The EU import duty on standard cars such as hatchbacks and minivans is indeed 10 per cent versus the US’s 2.5 per cent. But the US production of light trucks, including pick-ups, has long sheltered behind a 25 per cent tariff wall. The duty is known as the “chicken tax” after Lyndon B Johnson imposed it in 1964 in retaliation for European levies on American poultry. Industry experts say the Big Three car companies in Detroit — Ford, General Motors and Chrysler (now part of the Stellantis group) — have accordingly increasingly focused their innovation on making pick-up trucks and used the same platforms and components to develop gas-guzzling large sport utility vehicles (SUVs). Felipe Munoz, senior analyst at the market intelligence company Jato Dynamics, told me that while pick-ups and heavy SUVs were only 17 per cent of US light vehicle sales, “it’s where the Big Three US manufacturers make most of their money in the American market”. The rest of the world, however, tends to have narrower roads and higher fuel taxes than the US. “The protection has made the US car manufacturers less competitive globally,” Munoz told me. Japanese companies make family cars popular around the world: Detroit does not... It’s not EU protectionism that hurts American carmakers abroad. The European Commission has long had an open offer to the US to cut all industrial goods tariffs including cars to nil, which the US has failed to take up.
16. OpenAI facts of the day
No other company has ever built a consumer internet empire so fast. It took Google 13 years to reach 1bn users, while Facebook reached the same milestone in eight. Thanks to the viral success of ChatGPT, OpenAI looks on track to get there in three... chief executive Sam Altman said last week that its audience had doubled in a matter of weeks and now comprises a tenth of the world’s population. This is mind-boggling — ChatGPT only passed 200mn weekly visitors last August.
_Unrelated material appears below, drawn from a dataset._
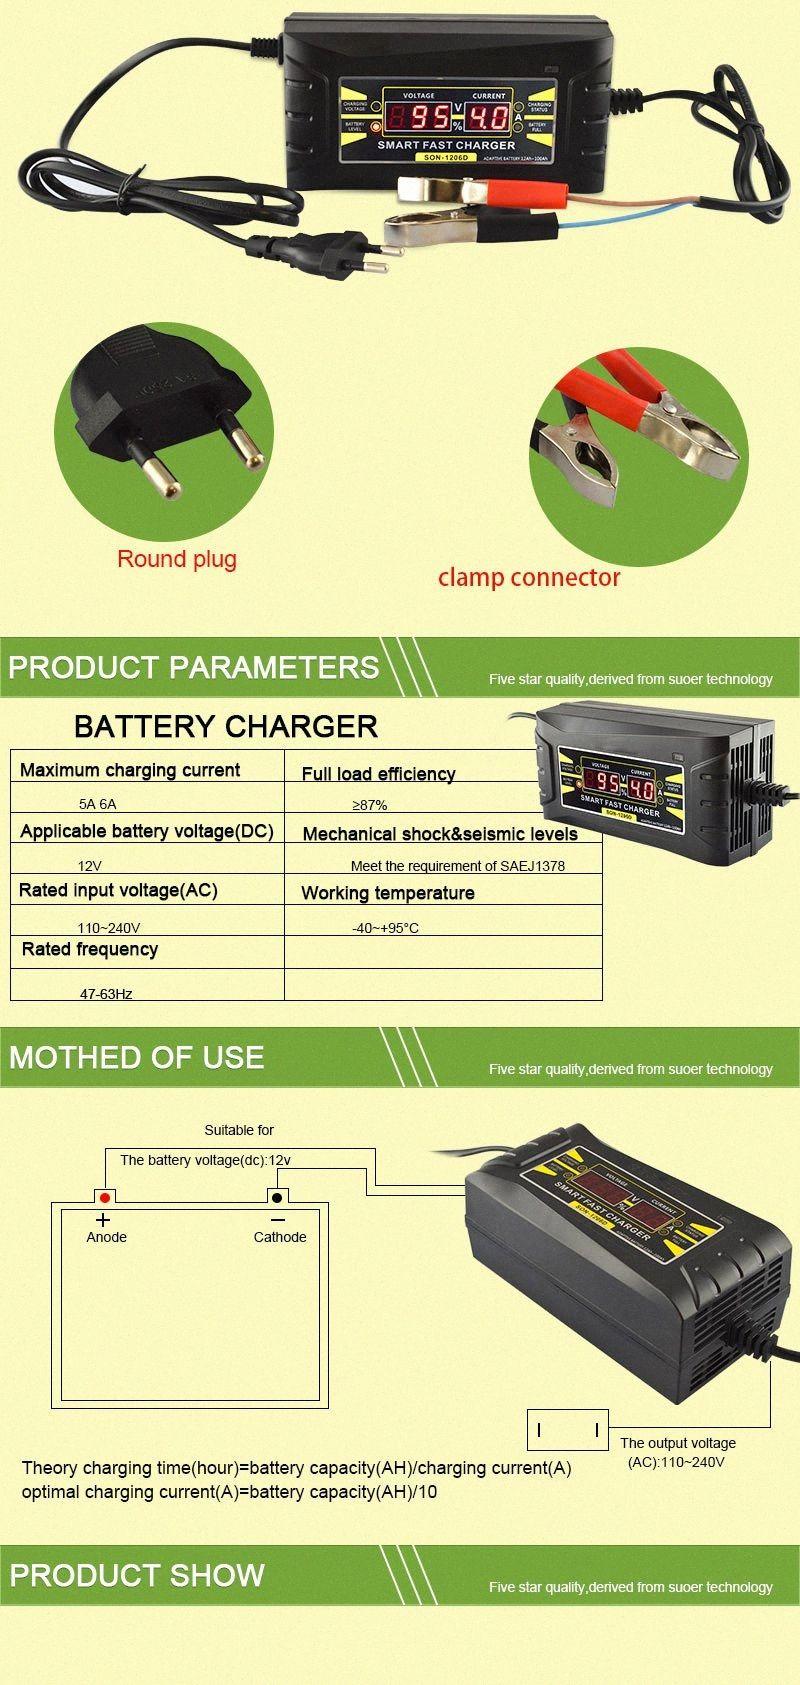 Automatische Smart Battery Charger 12V 5A EU / US-Maintainer Desulfator für Blei-Säure-Batterien Auto-Ladegerät 110 240V Wechselstrom-Eingang Auto P 22LW #

Rapid growth has left the company little time to address some of the most fundamental questions for any consumer internet company.
17. Semiconductor chip supply chain
Those supply chains cross so many borders that “no one [country] is self sufficient — not even close,” Chris Miller, a Tufts professor, added, noting that while Japan dominates the wafer business (with a 56 per cent market share), the US has a 96 per cent share in electronic design automation software and Taiwan controls more than 95 per cent of advanced chipmaking. Meanwhile, China processes more than 90 per cent of many critical minerals and magnets needed to make digital goods.